The Parramatta Girls’ Home was infamous for its horrors

It was built in 1821 as a place to house and employ the growing number of convict women in the colony of New South Wales. But it also became the scene of many horrors, some of which happened much more recently.

Recently, the Australian government announced that it would nominate Parramatta Female Factory to be listed as World Heritage. The site is of great significance to the many former wards who have survived the institutionalism here in Australia or elsewhere.

This is not a mere relic from the convict age. Just 15 years ago, a part of this site was used as a women’s jail. From 1887 to 1973, the Parramatta Girls’ Home was located there.

The Parramatta Girls’ Home

The Girls’ Home has also been known as Parramatta Girls’ Industrial School and Girls’ Training School. Each name was a very clever euphemism. It was a high-security institution, no matter what you called it. This is a prison.

The facility was designed to house adolescent girl who were removed from their abusive or unfit parent, orphaned, or found homeless.

The practice of locking children and teenagers up for being poor, unloved, or homeless is what today’s criminologists call “penal Welfare.”

Official policy was to treat welfare inmates who were already vulnerable and had committed no crimes at all like hardened criminals.

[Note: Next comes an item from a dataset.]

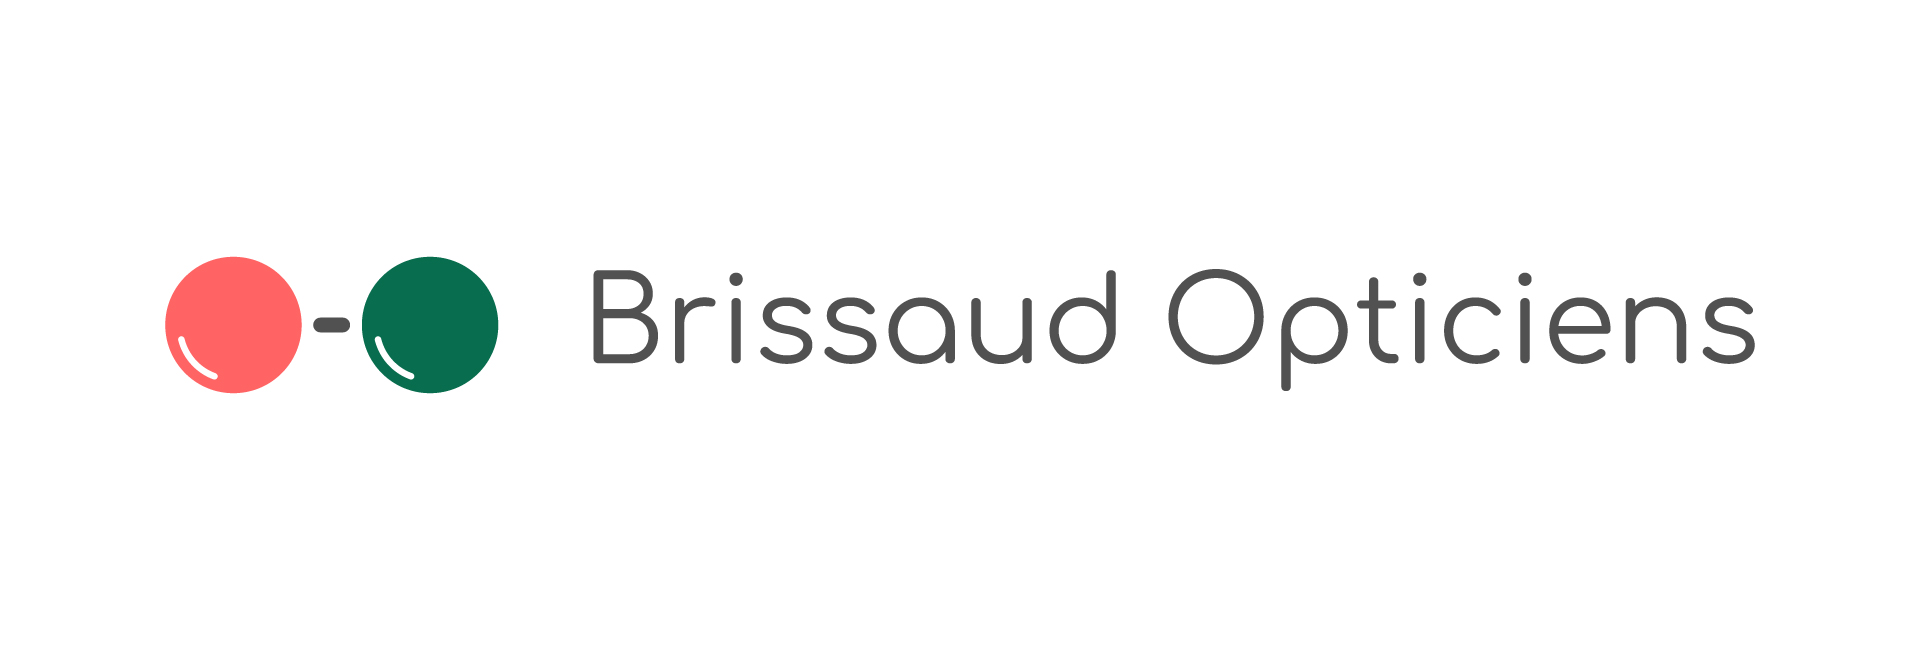 Logo-BRISSAUD-OPTICIENS_Simp-LARGE

They were subjected to a brutal and humiliating regime of physical, mental, and sexual violence.

Punishments included forced silence, floor scrubbing (with a toothbrush), beatings, and solitary confinement underground in dark cells.

In addition to the trauma of being confined in a pitch-black dungeon for hours, male staff members would sexually assault girls who were in solitary.

The abuses were so horrendous that the Royal Commission on Institutional Responses against Child Sexual Abuse classified it as a special case study.

Many have since died, but others have been charged and received heavy prison sentences. Many of them have since died. Others were accused and sentenced to long prison terms.

It is important to remember that the Royal Commission was only tasked with addressing sexual abuse. The countless incidents of horrific, non-sexual, physical, and emotional abuse were not prosecuted.

Surviving Girls’ Home residents were among the stakeholders who passionately advocated the preservation and commemoration of the Parramatta Female Factory Precinct.

In 2006, they created a lobby group named ” Parragirls” and began a campaign for official recognition of their experiences.

They demanded that the entire site, not just the convict-era building, be recognized as being historically significant and deserving of preservation.

The Parramatta Girls’ Home from the side. Jacqueline Z Wilson is the author (no reuse).

The only institution that was involved in the scandal was the University of California.

There are only a handful of Parragirls. The Parragirls are a tiny subset of the approximately half a million survivors of “out-of-home care” during the second half of the 20th Century, who were dubbed by a Senate inquiry in 2003 as “Forgotten Australians“.

As a teenager, I was a state ward and, as a young child, spent time in different institutions. I never feared being locked up in Parramatta as a Victorian. But its horrors are legendary among all state wards.

We were faced with our institutions – many of which were as brutal as Parramatta – and tried to avoid them.

Australia still hasn’t come to terms with the fate of wards in the 20th Century.

Many people are still alive, but their lives have been destroyed.

The public is relatively unaware of institutions like Parramatta Girls and other institutions investigated by different inquiries and the Royal Commission.

For Forgotten Australians, whose lives weren’t directly touched by Parramatta but who still stands as an icon of the horrific “penal-welfare” system in Australia.

We support the campaign for the site to be preserved, and not just the convict-era Female Factory.